Hiking in Paradise: Wiliwilinui Ridge Trail
Tucked away in East Oʻahu, Wiliwilinui Ridge is one of three advanced hikes you’ll find along the Koʻolau Summit Trail, and arguably the most accessible. Unlike Hawaiʻi Loa Ridge (steep inclines) or Kuliʻouʻou Ridge (a challenging push to the summit), Wiliwilinui Ridge Trail seems to have struck a balance between challenging and manageable—a balance for which a somewhat novice hiker like myself is always searching.
Before you take a single step onto the trail, you’ll need to work through the parking situation. The trail head is located at the peak of the Waiʻalae Ike subdivision, a private neighborhood that requires permission to enter. As you drive to the subdivision you’ll eventually come across a guardshack—tell him you’re here to hike Wiliwilinui Ridge, and he’ll provide you with a parking pass and instructions to reach the trail. There are only a few stalls available to the general public at the start of the trail, so make sure you arrive early!

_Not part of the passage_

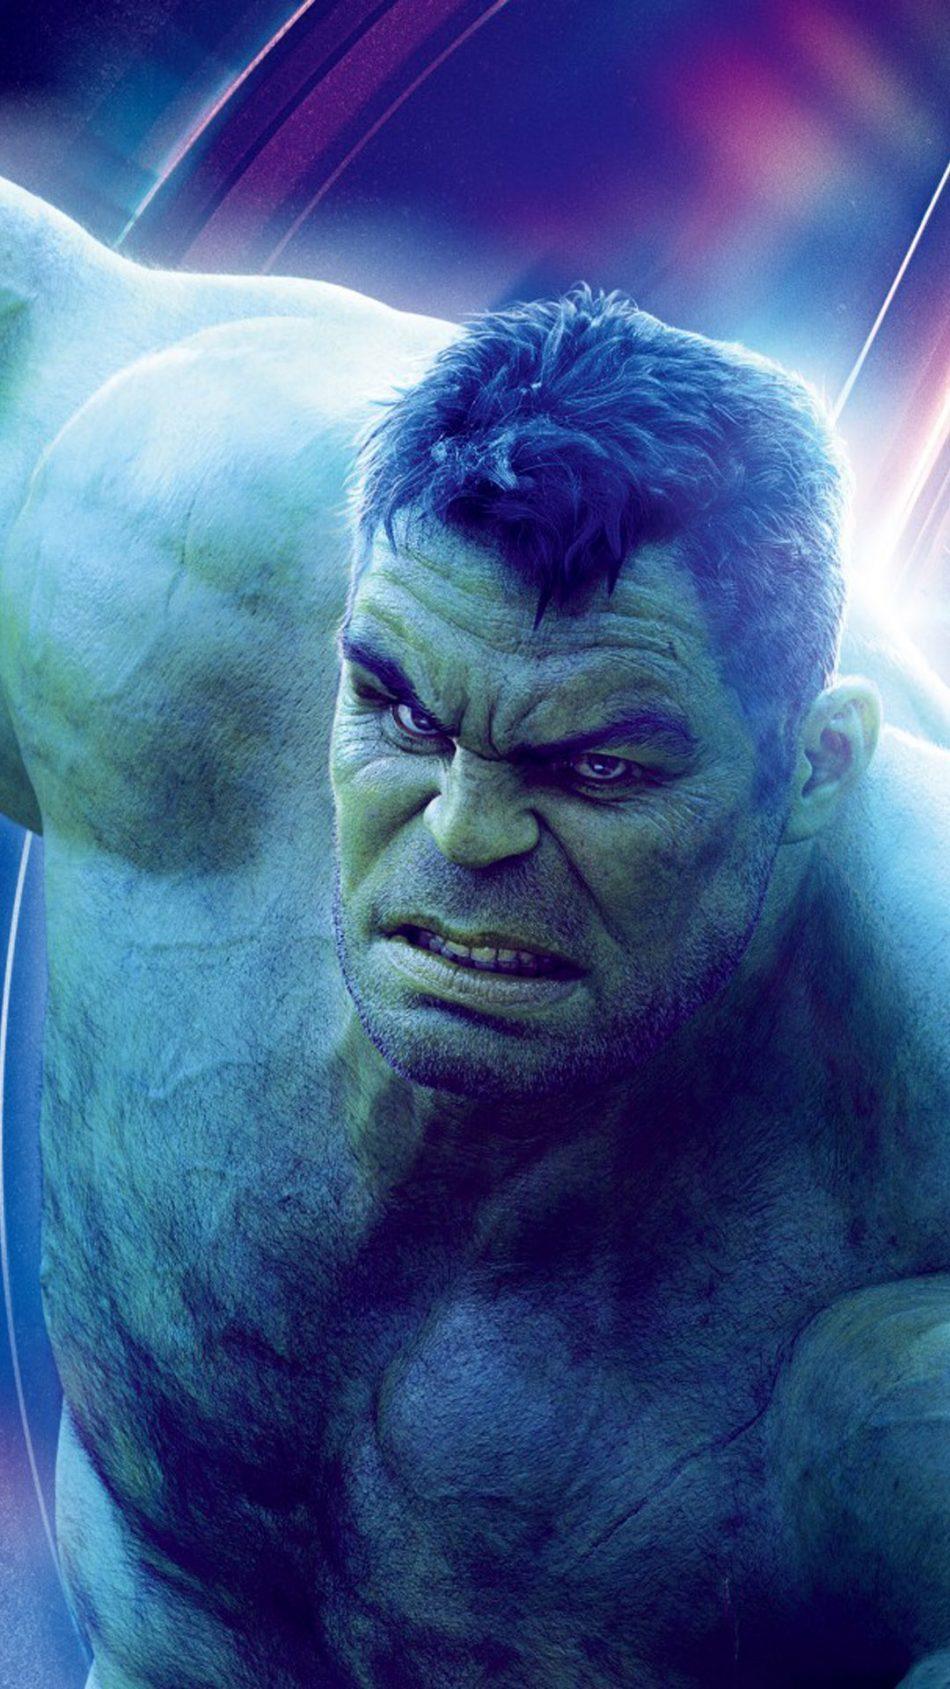 Beautiful Wallpaper Mobile Hulk - Hulk-In-Avengers-Infinity-War-HD-Mobile-Wallpaper-950x1689  Collection_315599.jpg

On my last visit to Wiliwilinui Ridge, we arrived around 9 a.m. (much later than we’d anticipated; I would recommend coming earlier) and proceeded to nab the very last stall in the lot. The start of the trail was easy to find with the help of clearly marked signs and the vast open clearing, and as we began our walk, we were lucky to enjoy brisk winds and sunny skies overhead (though the previous few days of rain had lended a soggy texture to the soft, muddy ground).
The expansive, curved trees created a makeshift tunnel and provided us with generous shade at the start of our hike.
During the first mile and a half of the hike, two things became apparent: the hills were steep, and we were definitely about to get muddy. While this first part of the trail was far easier than the second, it still had its fair share of rolling hills and slippery terrain affected by the last week of rainfall. Thankfully, always following a long stretch uphill was a longer stretch of flat ground.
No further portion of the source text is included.